Context-Aware Object Recognition

Using other objects in scene to discern location and adjust confidence

Problem:

I know very little about machine learning and artificial intelligence. In an effort to get my feet wet in a somewhat practical way (excluding the tutorials from pytorch, etc) I wanted to see if I could create a object recognition system that wasn’t just a clone of an old paper.

Object recognition systems are already highly accurate, but one potential area for improvement could be the time it takes to recognize an object.

Solution:

The idea functions on the basis that a system recognizing objects from a smaller subset would be more accurate than a more general system.

To that end, I was thinking about a three stage system: Stage 1: A traditional CNN-based image recognition system Stage 2: Evaluate the scene or situational context based on the items identified with the highest confidence level Stage 3: Adjust the confidence of the detected objects using a probabalistic heuristic

One approach to the heuristic could be object coincidence probabilities, that is how often objects appear in the same scene or context.

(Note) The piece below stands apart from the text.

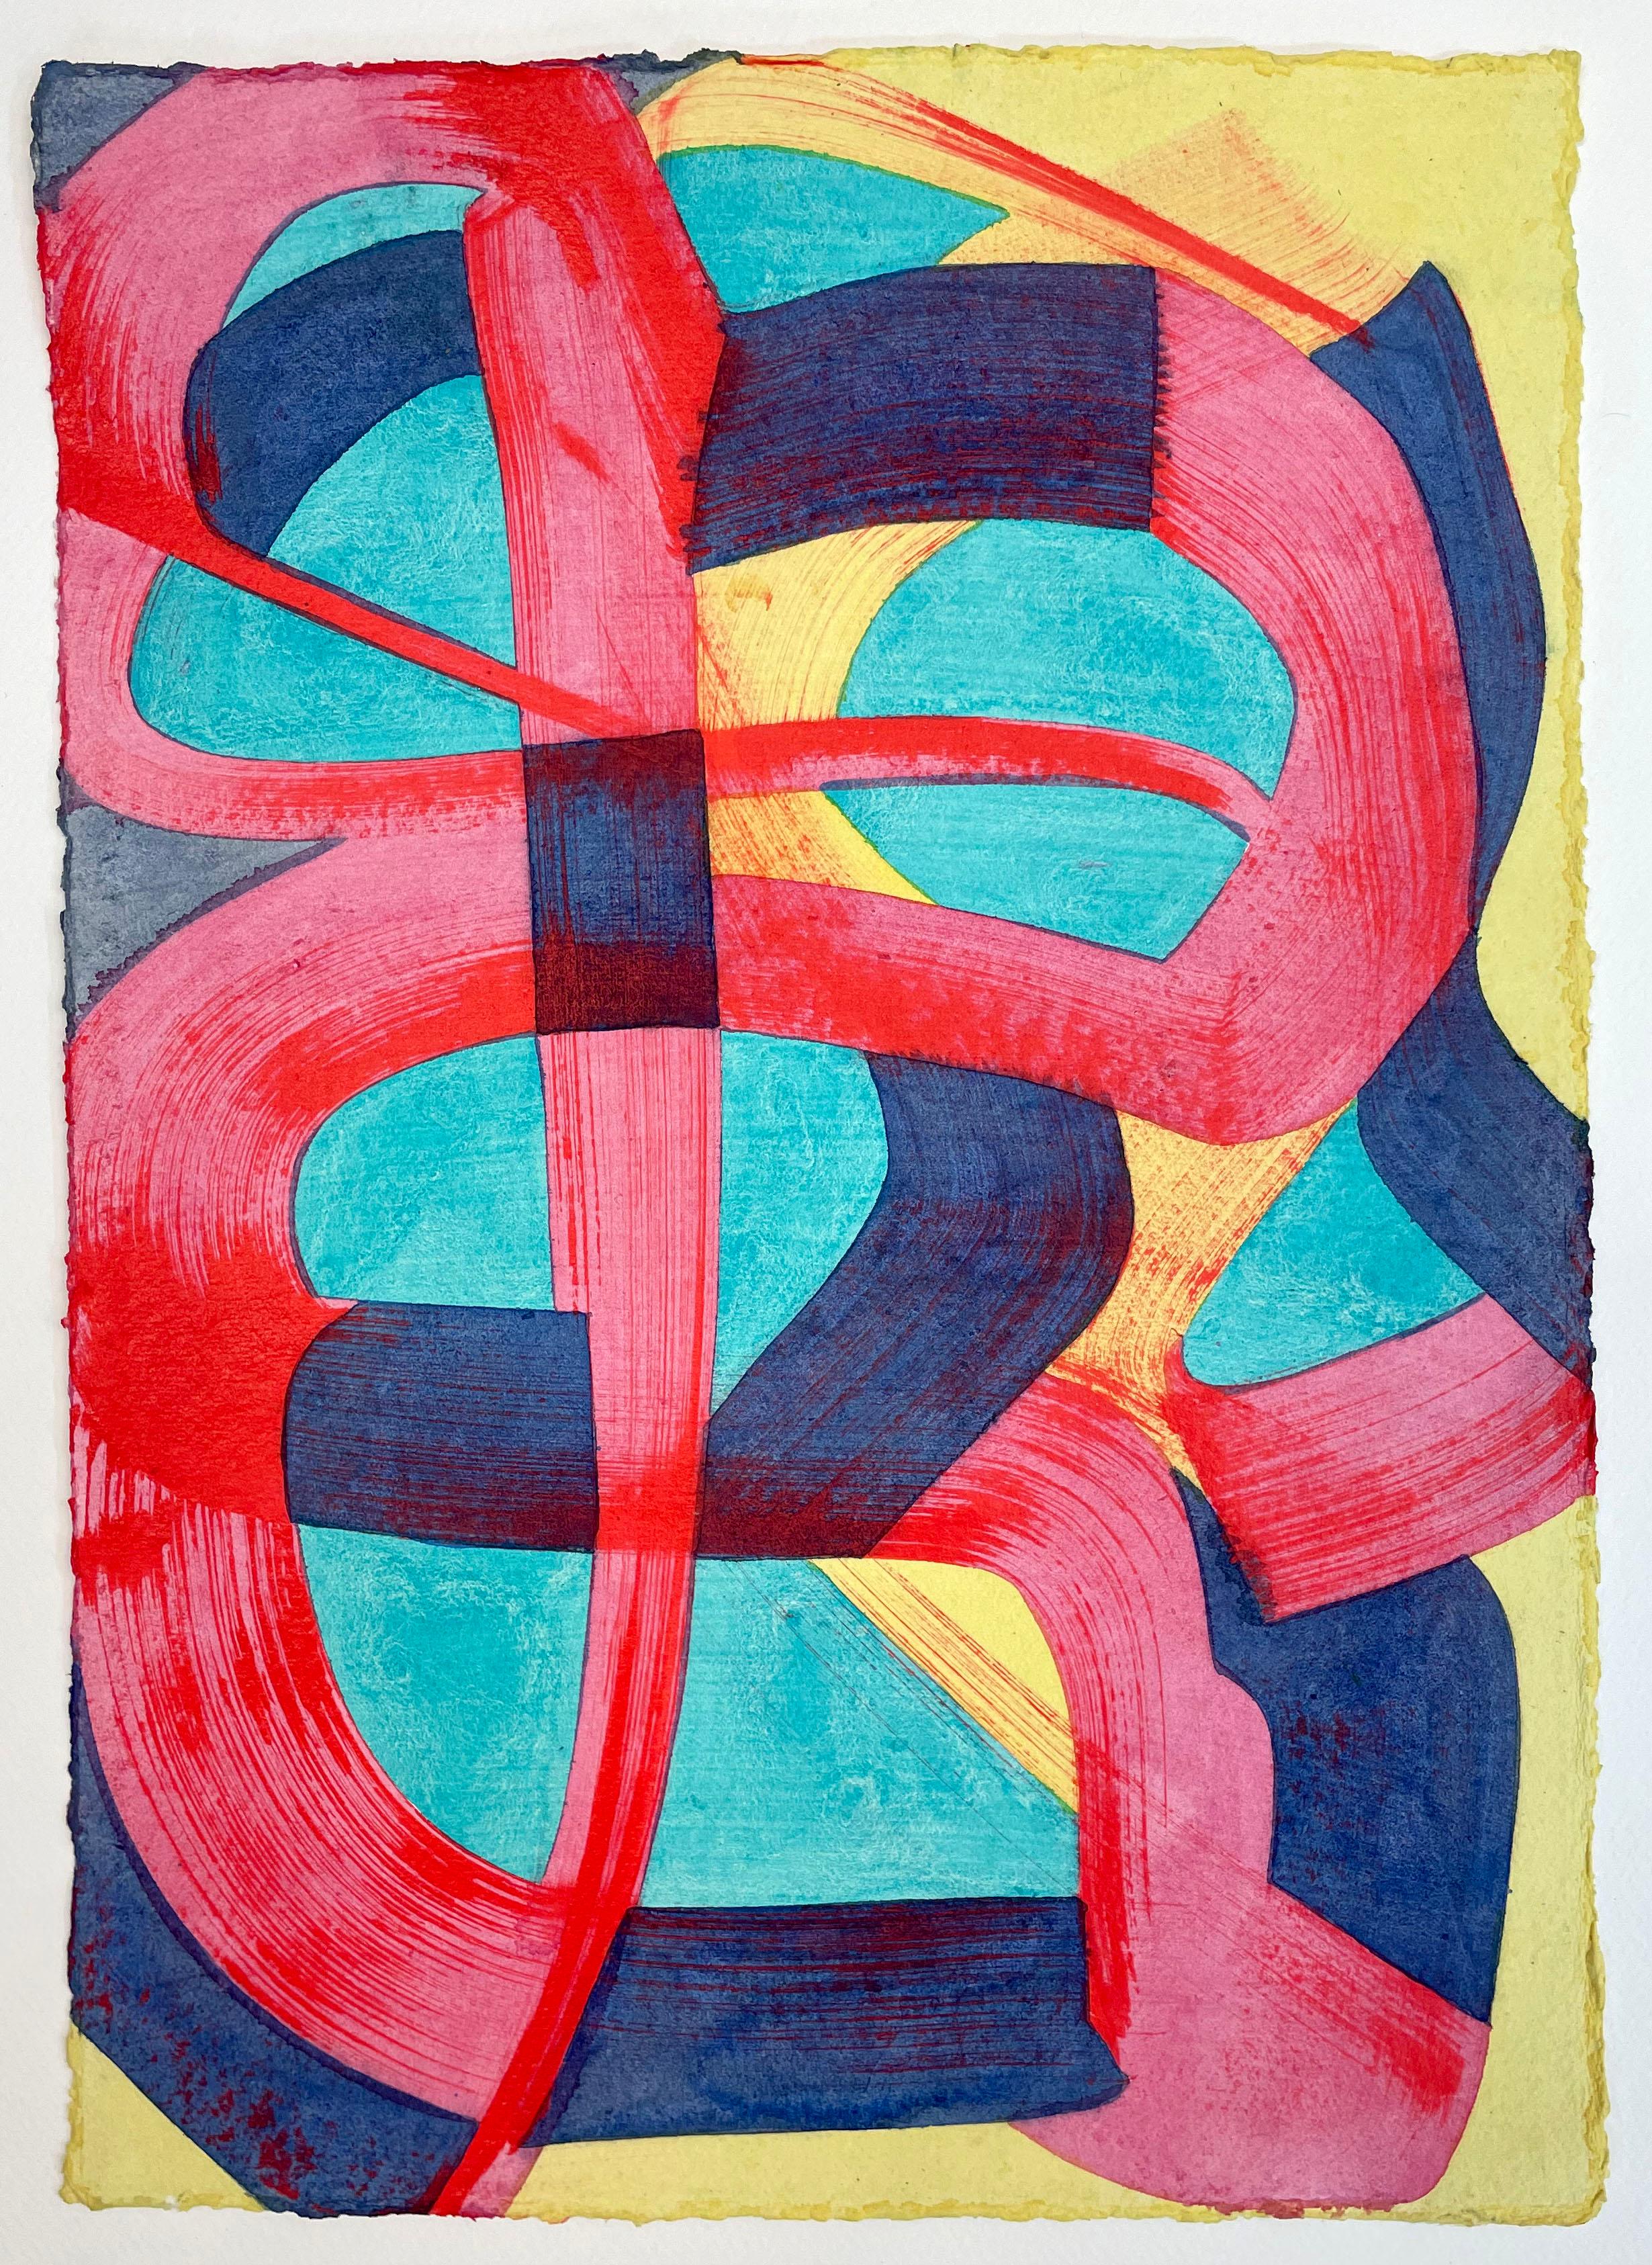 Abstract Painting Sarah Brenneman - C'est ce que nous connaissons, abstrait, coloré, aquarelle et acrylique sur papier
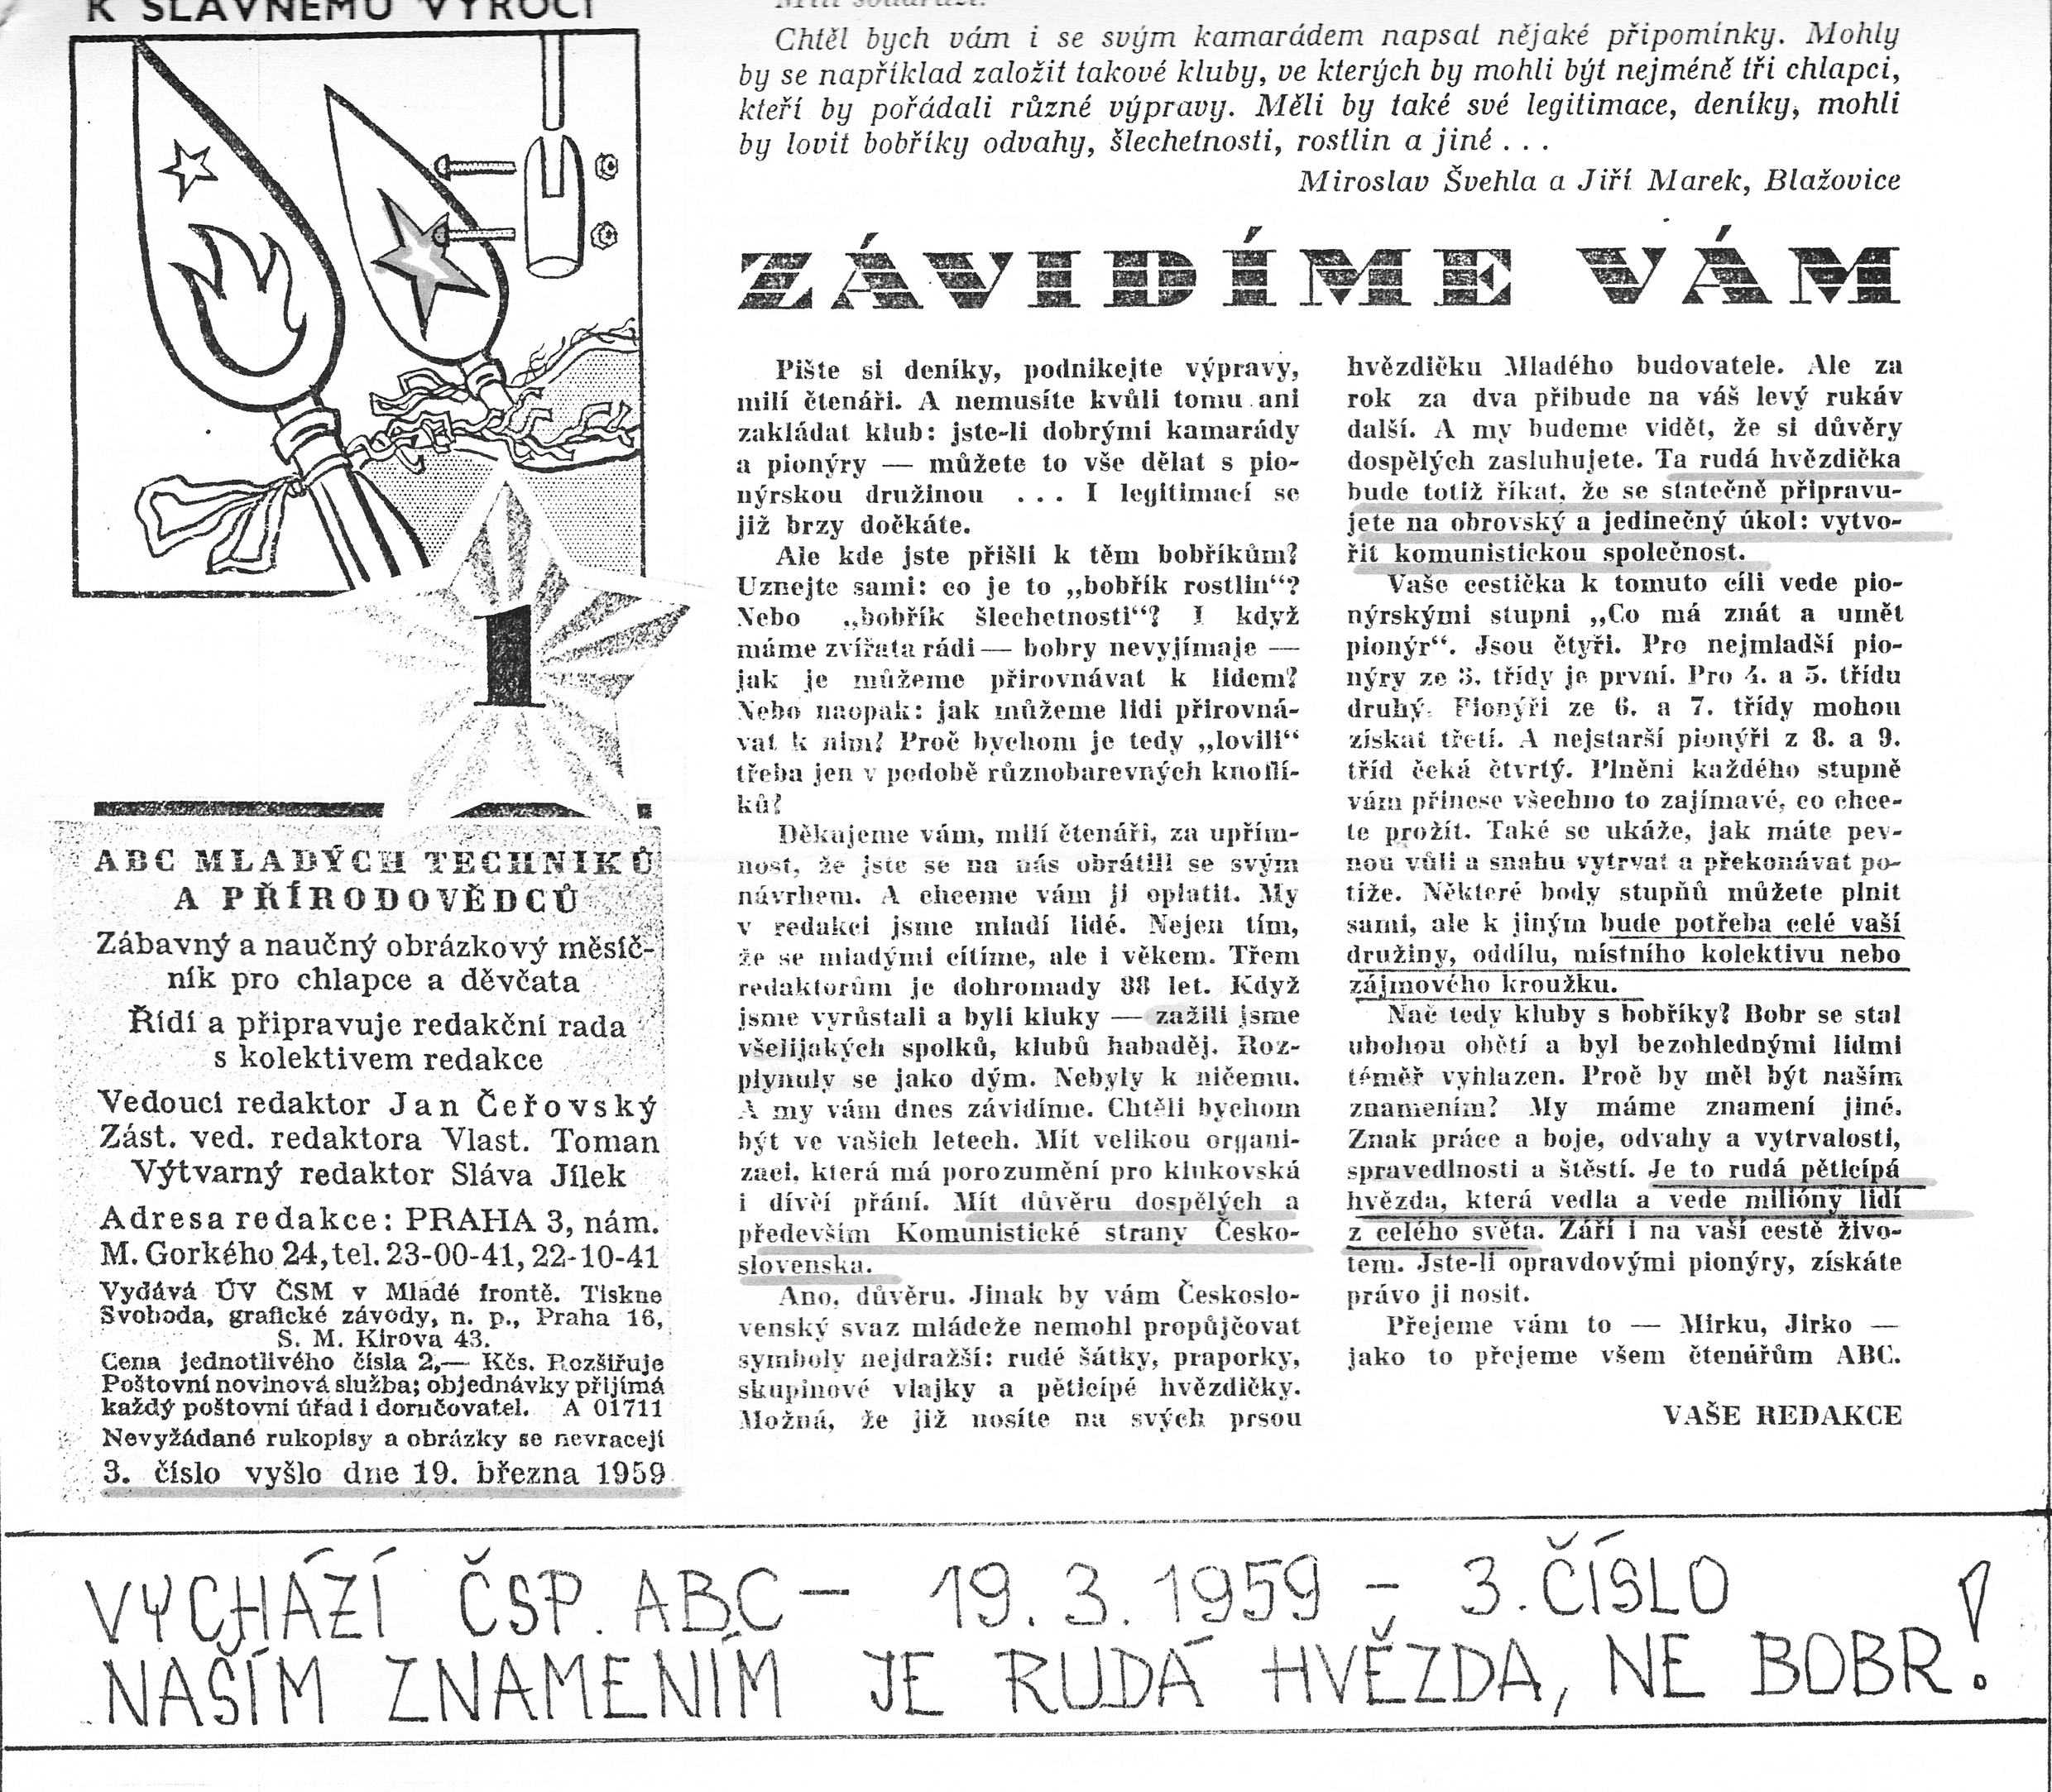 Obrázek ke článku Naším znamením je <font color=red>RUDÁ HVĚZDA</font>, ne BOBR - 19. března 1959 vyšlo 3. číslo časopisu Abc mladých techniků a přírodovědců

An alternative approach would be to use a secondary classifier to identify a potential context and use that to adjust confidences based on what objects are likely to be in these contexts.

Where I’m At:

This ended up being a larger time commitment than I originally anticipated. The course I was planning to take to get a better background in machine learning was also cancelled so I’ve been relying on self study and its a bit slow going.

I’ve selected CenterNet MobileNet v2 as the first stage, and I was planning to evaluate its performance in comparison to other methods that fall within the same time horizon but I have yet to implement the other two stages.